(Collected material begins)

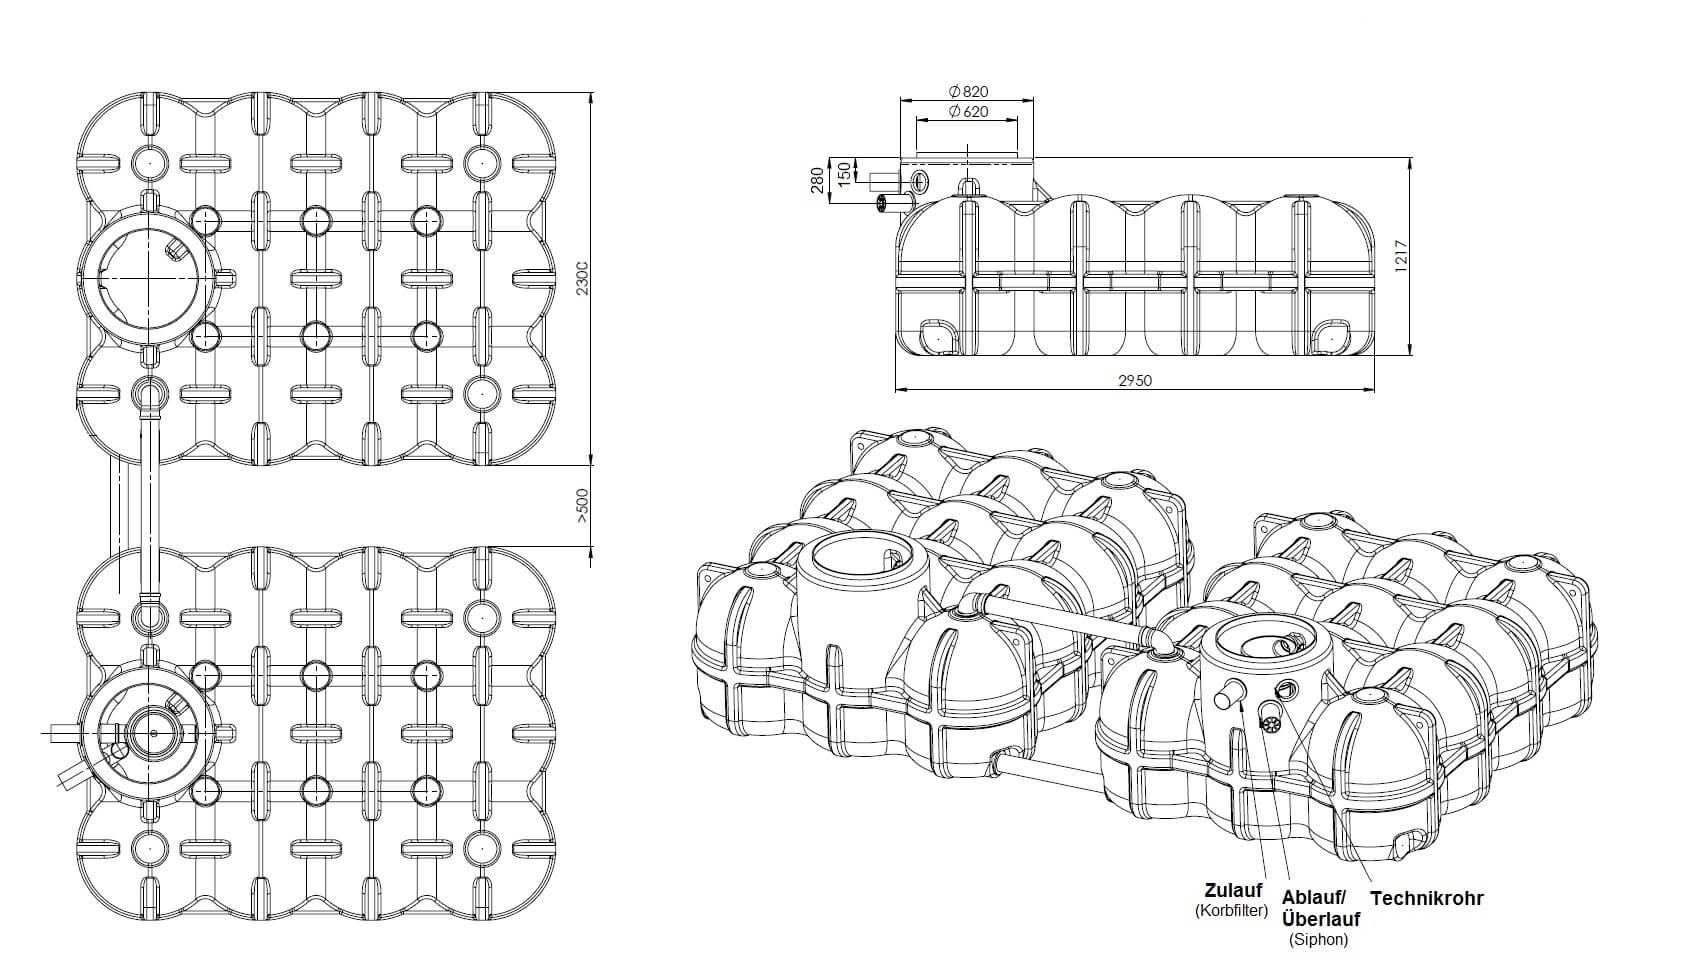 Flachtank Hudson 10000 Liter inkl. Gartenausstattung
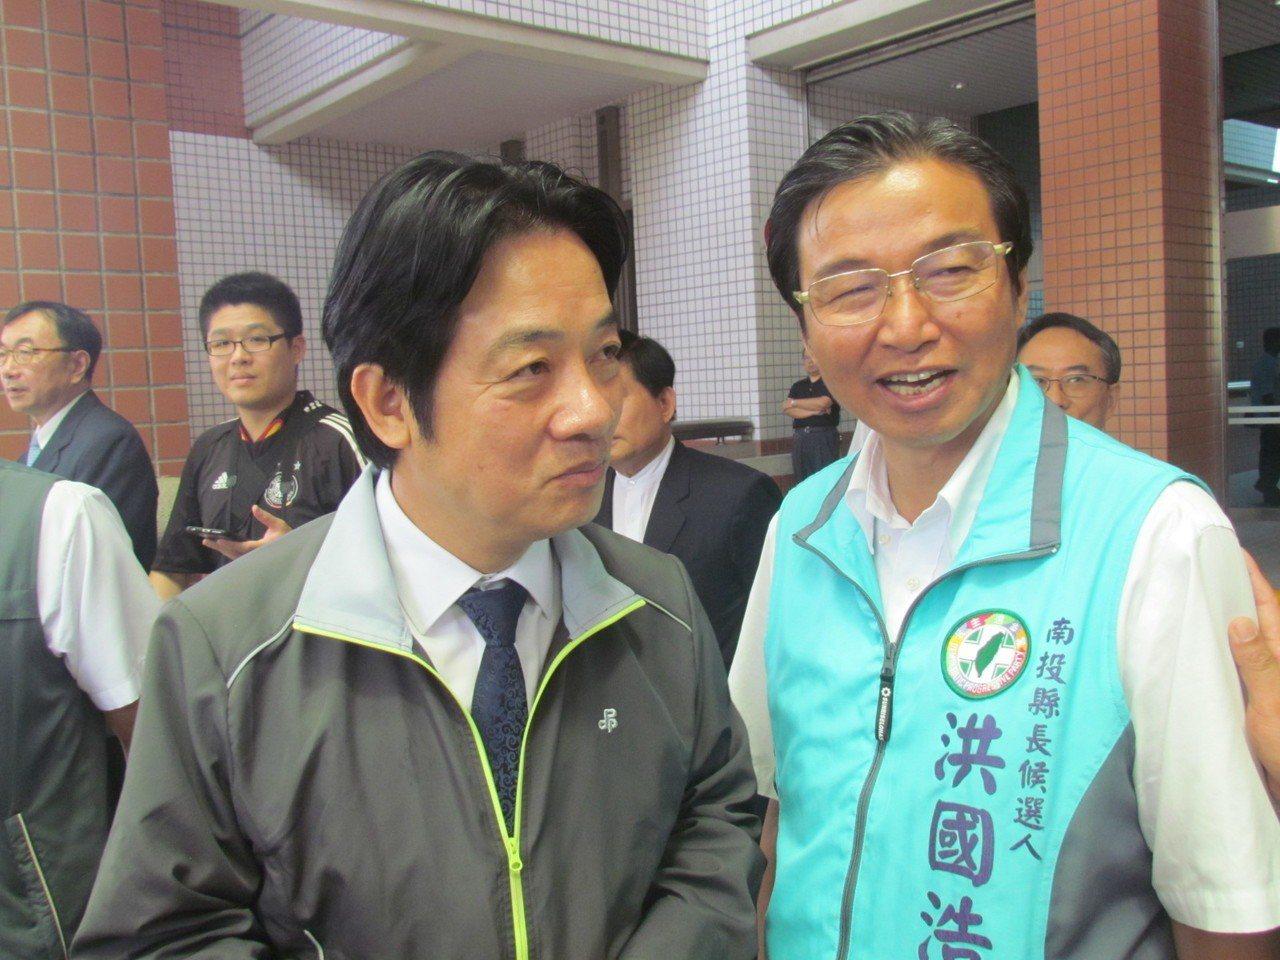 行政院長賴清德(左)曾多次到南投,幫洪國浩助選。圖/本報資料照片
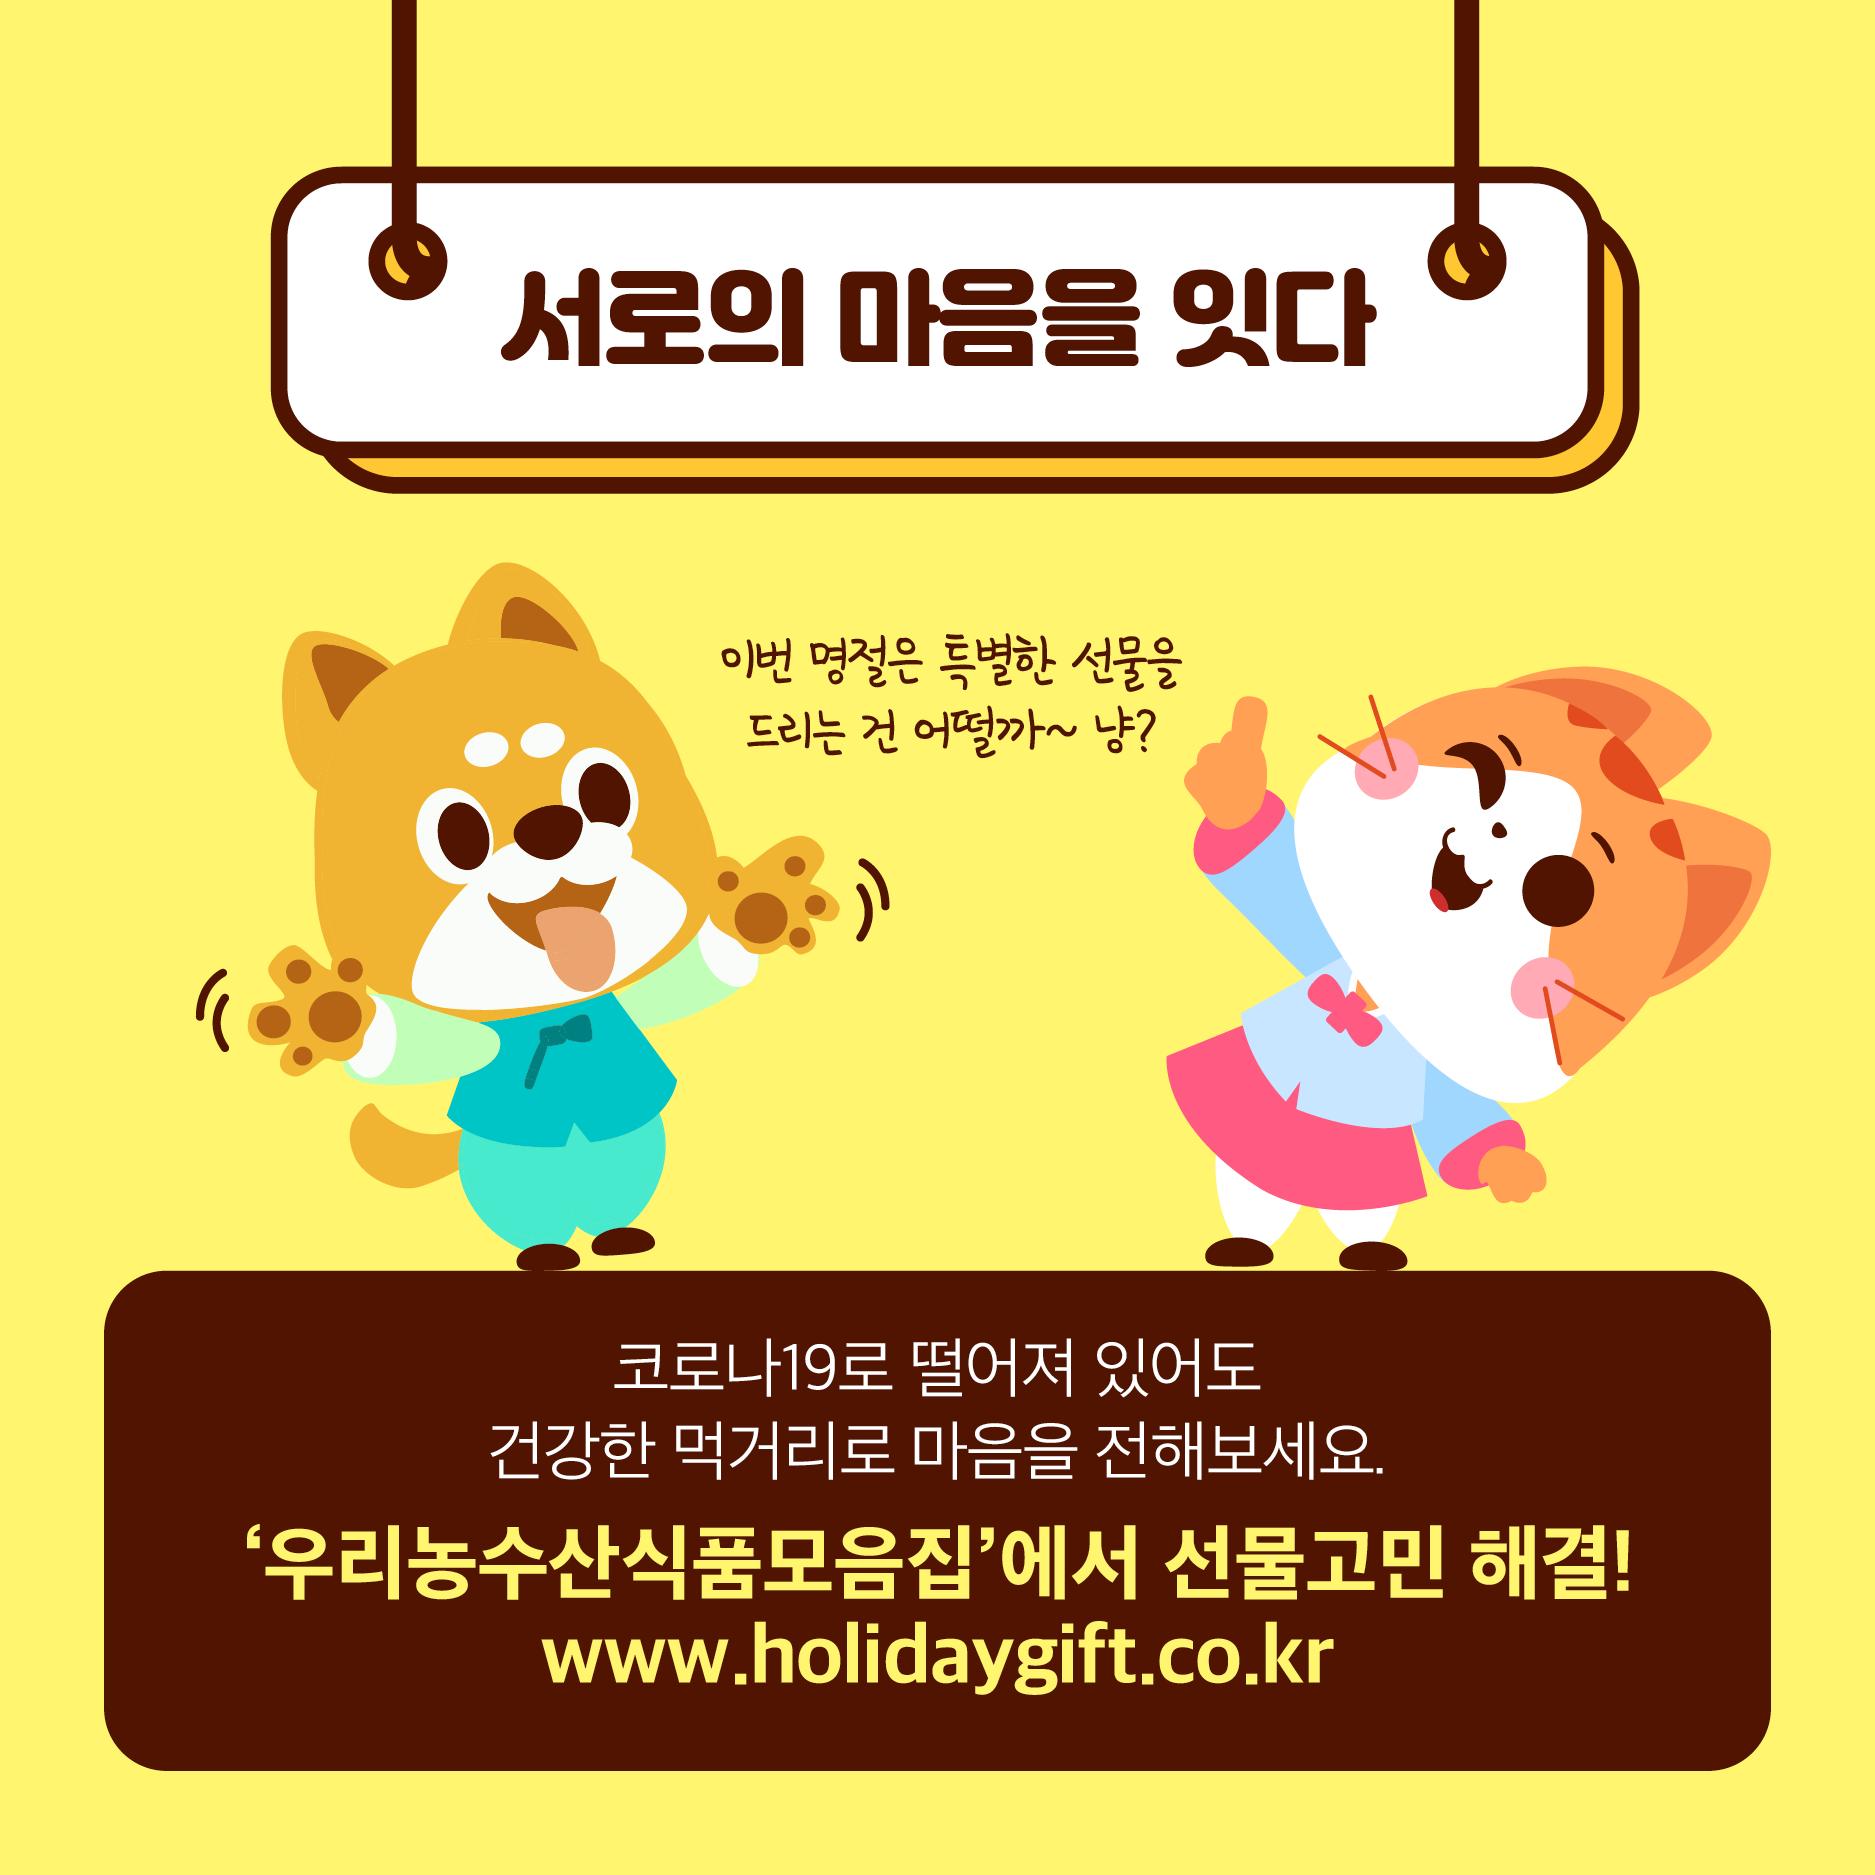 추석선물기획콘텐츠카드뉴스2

(Collected material ends)

Reproduce the material above in full, exactly, with no images.

» Task output
 Flachtank Hudson 10000 Liter inkl. Gartenausstattung
 行政院長賴清德(左)曾多次到南投,幫洪國浩助選。圖/本報資料照片
 추석선물기획콘텐츠카드뉴스2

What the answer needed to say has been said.